Note that this works much better if the model has been trained on images from the new category so it easier can identify them, but it still works well enough without the training to experiment with it.

However, we noticed an issue: the model wasn’t great at detecting unsafe content while images were still blurry during generation.
A simple fix would have been to check only the final image, but by that point, the image is already visible.
Instead, we decided to only use the image guardrails after 50% of the steps, where the image is blurry enough that details aren’t clear, but visible enough for the guardrails to not be confused.

You can find more details about how this works and was customized here.

UI 🪄

To be able to interface with the model, we built a user-friendly UI.

sdxl-ui

There are a few settings in this UI:

  • Prompt - Users enter a text description of what image they want.
  • Size - Dropdown to choose the image size.
  • Guidance Scale - Adjusts how creative vs. strict the model follows the prompts.
  • Number of Inference Steps - Balances speed and image quality.
  • Denoising Limit - Controls when the refiner model takes over from the base model.

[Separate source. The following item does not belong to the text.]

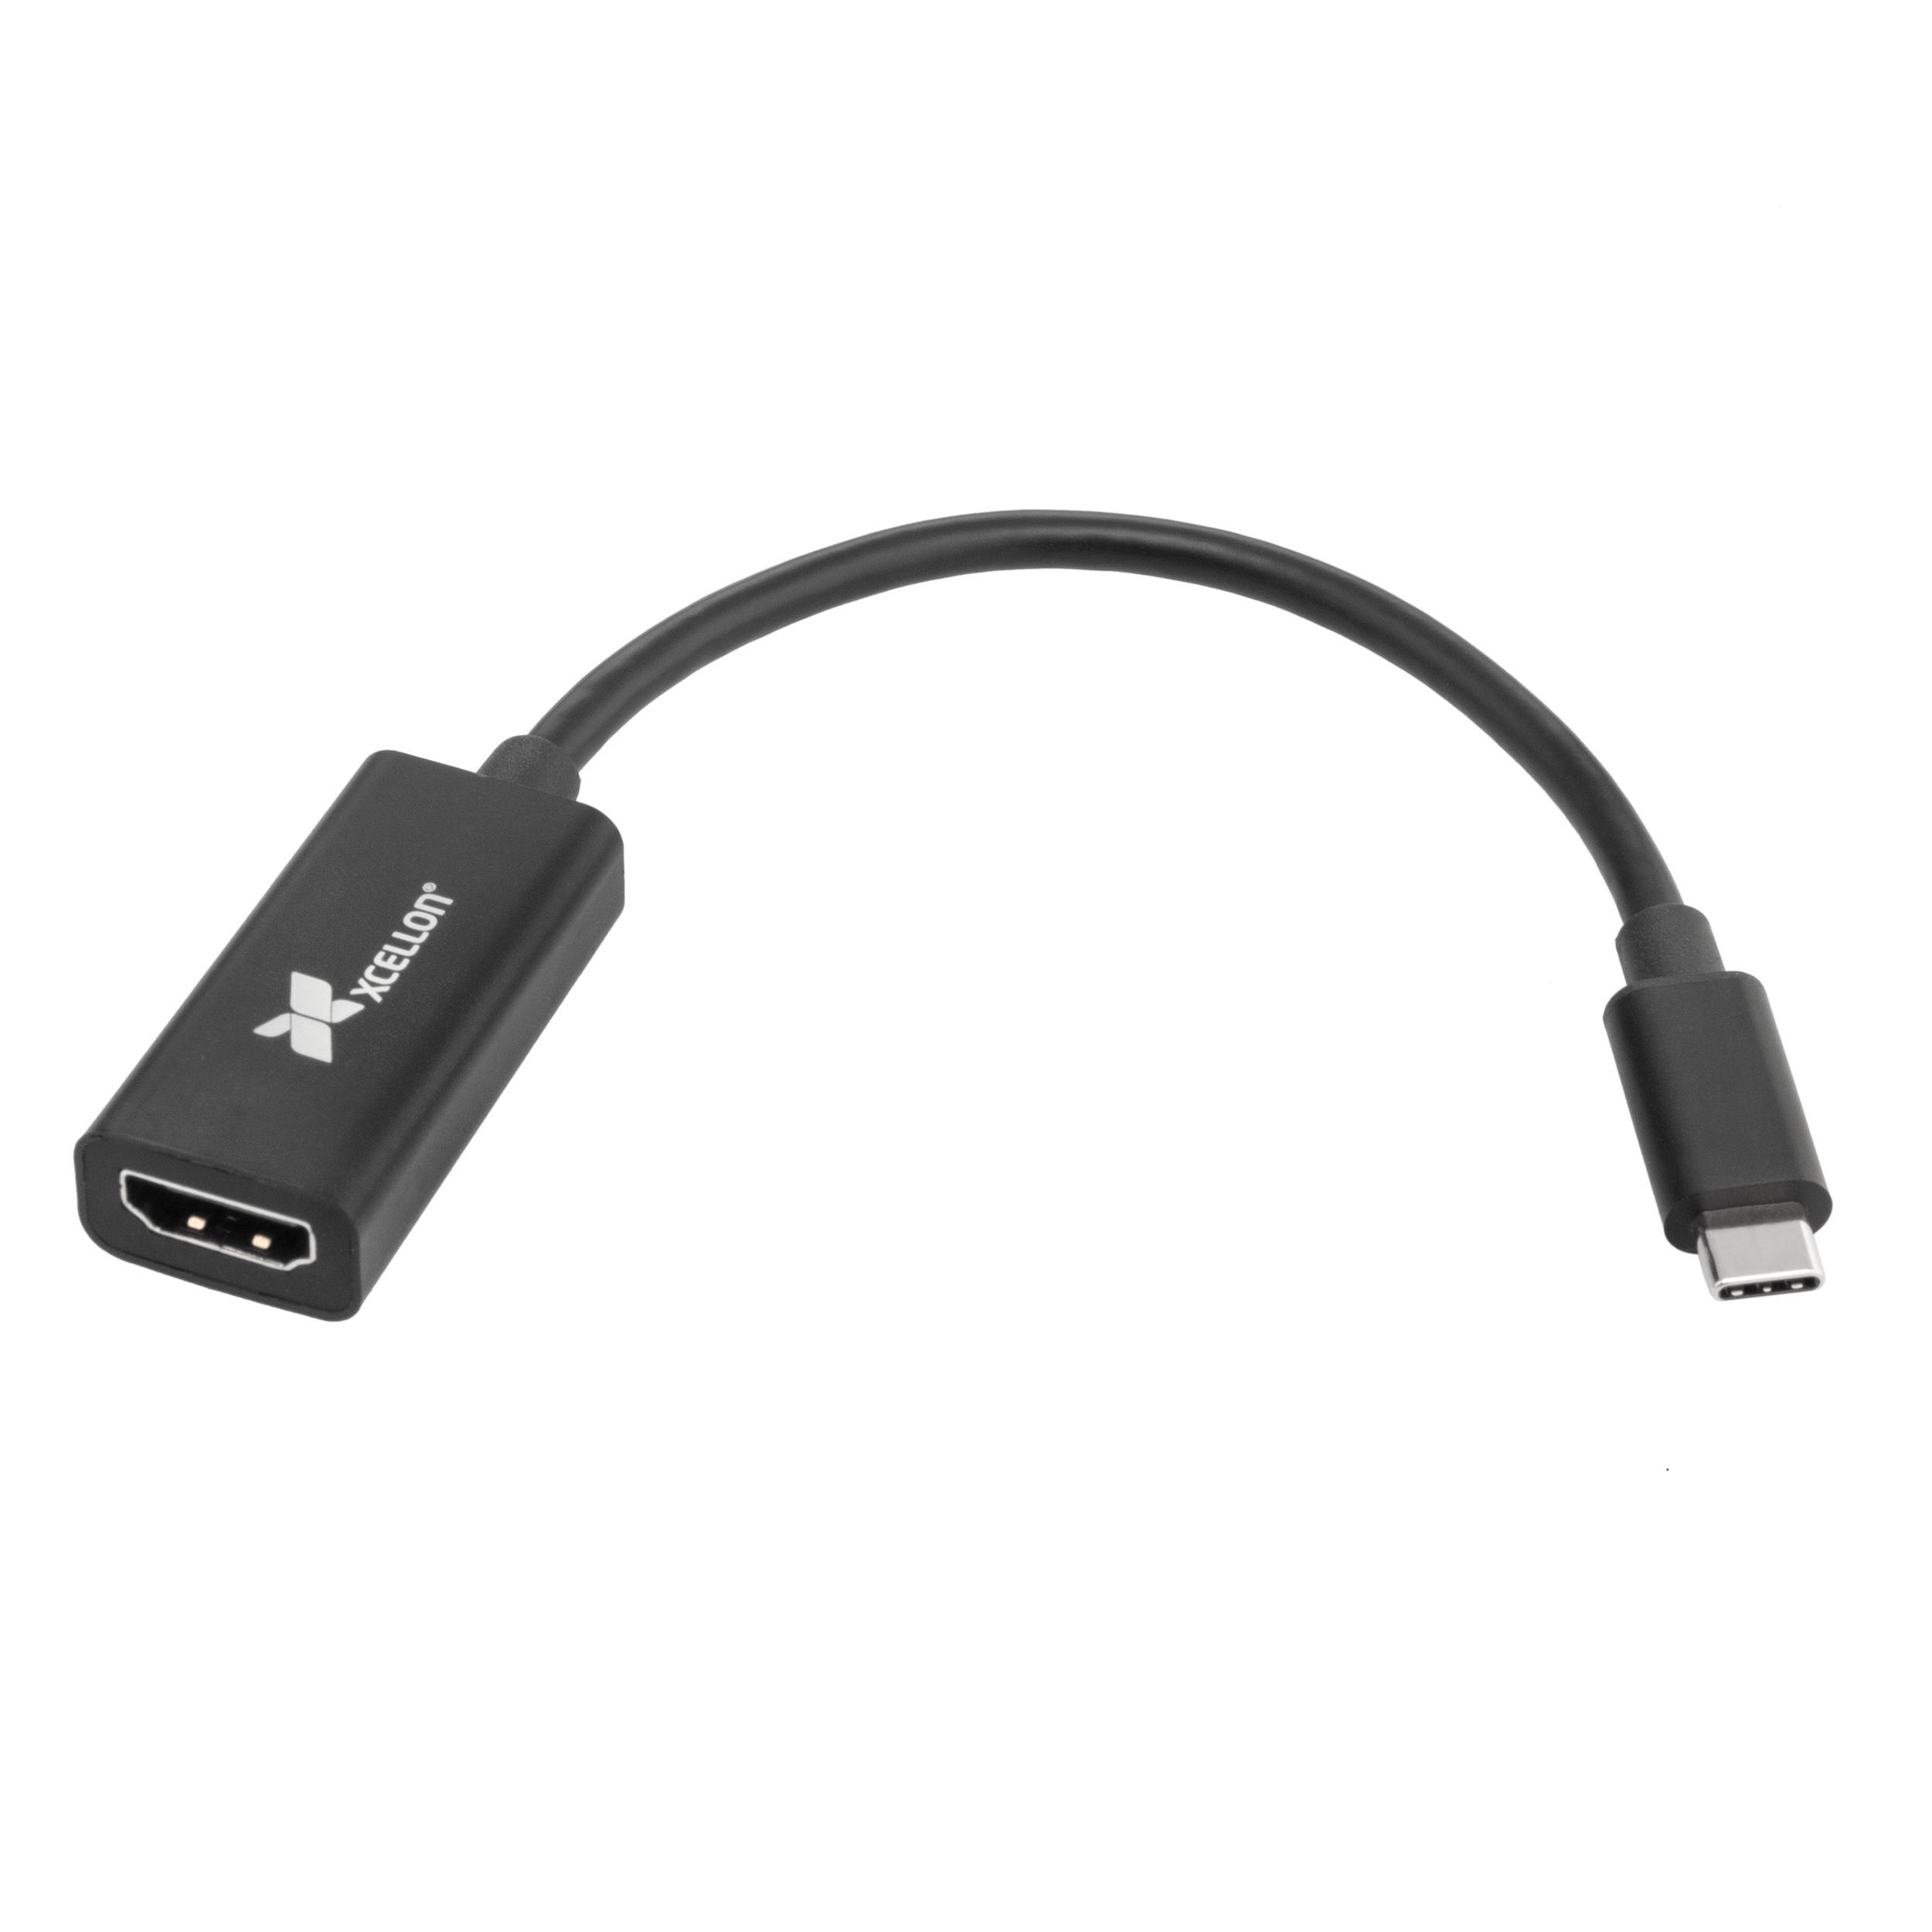 Xcellon USB Type-C to HDMI 4K Adapter

Along with calling the text and image guardrails, the UI automatically watermarks final images, making it clear they were generated by our system. generated-dog

Summary

We can now look back at the full architecture and see how all the pieces fit together

image-generation-flow

Here’s a step-by-step look at how the system works:

  1. User enters a prompt in the UI.
  2. Granite Guardian checks the prompt for safety.
  3. If approved, the SDXL model starts generating an image.
  4. Each step of the denoising process is shown to the user.
  5. After 50% completion, the image guardrail checks for unsafe content.
  6. If the image passes, the user sees it; otherwise, it gets blocked.
  7. The final image gets a watermark.